When I asked AWS for some details on how exactly these are custom SSDs, I received the following “What we’ve learned from operating commodity SSD and NVMe technology is that the FTL (flash translation layer) is the key to providing high performance, performance consistency, and reliability. This firmware component has historically been a source of data durability, security, and performance variability in the commodity storage devices produced in industry. A FTL produced by vendor A can have radically different performance and operational characteristics compared to vendor B, even when the storage media used in each device is exactly the same. The FTL technology we have been building since at least February 2016 (maybe earlier), is the fundamental building block here.” There we have it- AWS is optimizing the FTL for speed.

Compared to the previous generation I3/I3en instances, AWS says you can expect 60% lower I/O latency and 75% lower latency variability. AWS Nitro SSDs tightly integrate with the AWS Nitro System. As mentioned earlier, Im4gn instances feature AWS Graviton2 processors and provide up to 40% better price performance and up to 44% lower cost per TB or storage than I3 instances. Is4gen instances also use AWS Graviton2 processors and provide up to 15% lower cost per TB of storage and up to 48% better compute performance than I3en instances. I4 instances feature 3rd generation Intel Scalable processors (Ice Lake), delivering up to 55% better compute performance than current generation I3 instances.

Wrapping up

When you thought silicon was getting boring and software being the answer to everything – along comes Amazon to turn that idea on its head. Again. And again. And again. AWS best exemplifies potential strategic advantage with its first-part silicon.

I’ve always been fond of companies that understand the economics of choice, and that is something that AWS has done extraordinarily well. AWS has many announcements today that included AMD, Intel and NVIDIA and I think these three companies will remain important to AWS and its customers for a long time.

I have followed AWS for several years, and I’ve been impressed with value proposition commitments made at launches that have come to fruition.

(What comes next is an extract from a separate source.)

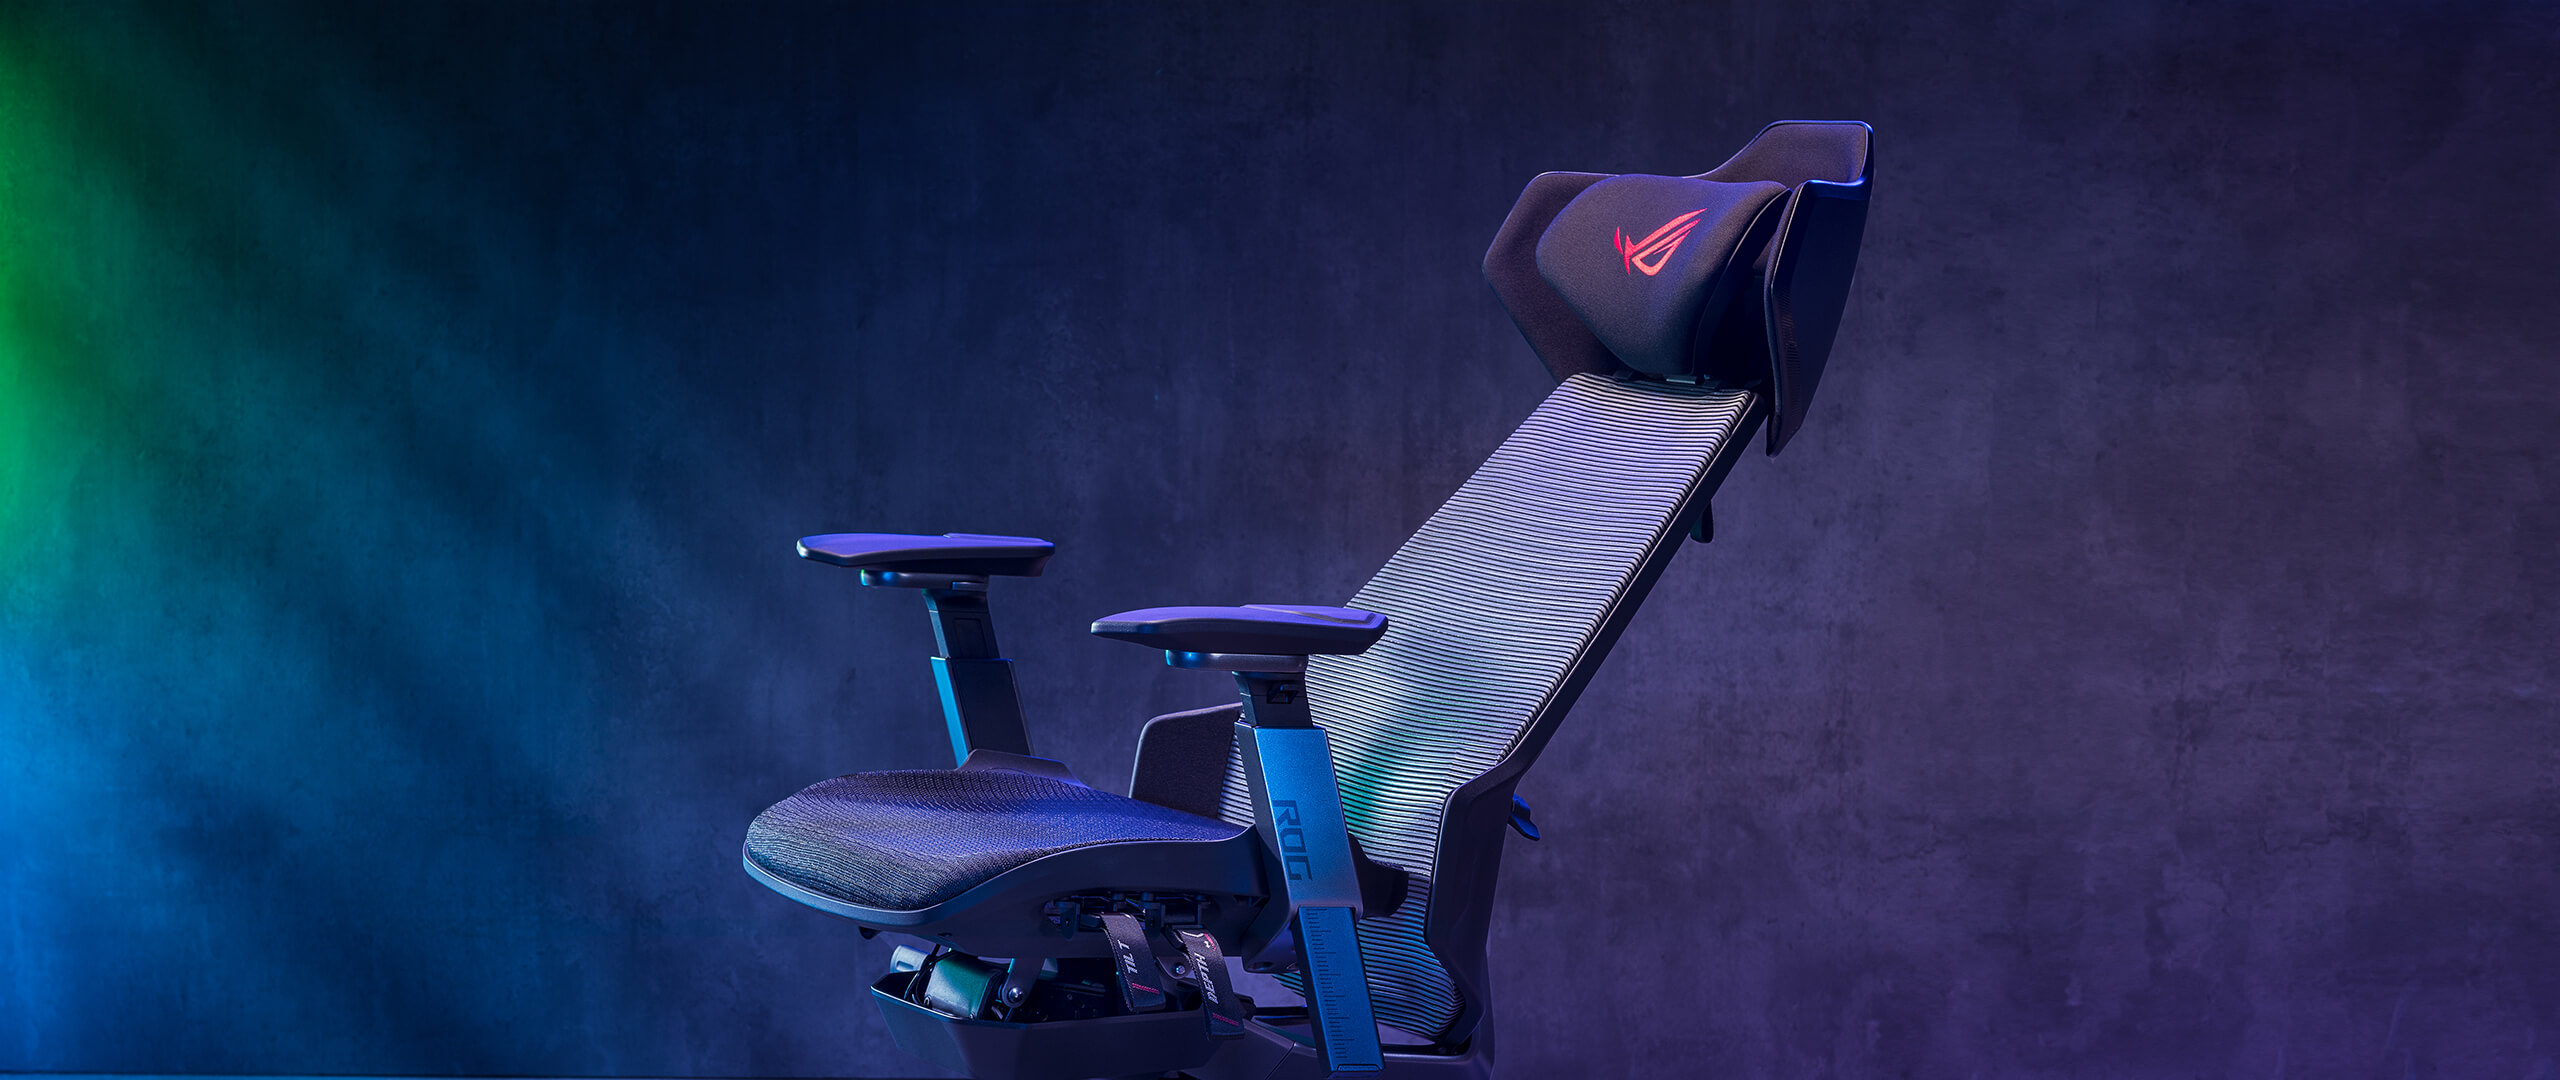 ROG Destrier Ergo 電競椅椅背傾斜至特定角度的側視圖

I went back and looked at my notes on the past claims made around Graviton and Inferentia. I was glad to see that the claims were more than just marketing, but the positioning held over time, and I know how hard that can be as a former product person. 

So, we have covered Graviton as a first-class citizen for general-purpose compute, Inferential for machine learning inference, and Trainium for machine learning training in this article. 

How do you get started with these AWS silicon innovations?

Well, it is simply to try it out. If you want to move to Graviton but are not sure your application can support it, and this is where the Graviton challenge came from, give it a try. The same is valid on the ML side. If you have built frameworks like TensorFlow or PyTorch, move it over, let it run on Inferentia, or try training on the Trn1 instances powered by Trainium.  

I think you’ll be pleasantly surprised at how simple it is and how quick it is to improve performance. And you might save money while you’re doing it. 

Note: Moor Insights & Strategy writers and editors may have contributed to this article.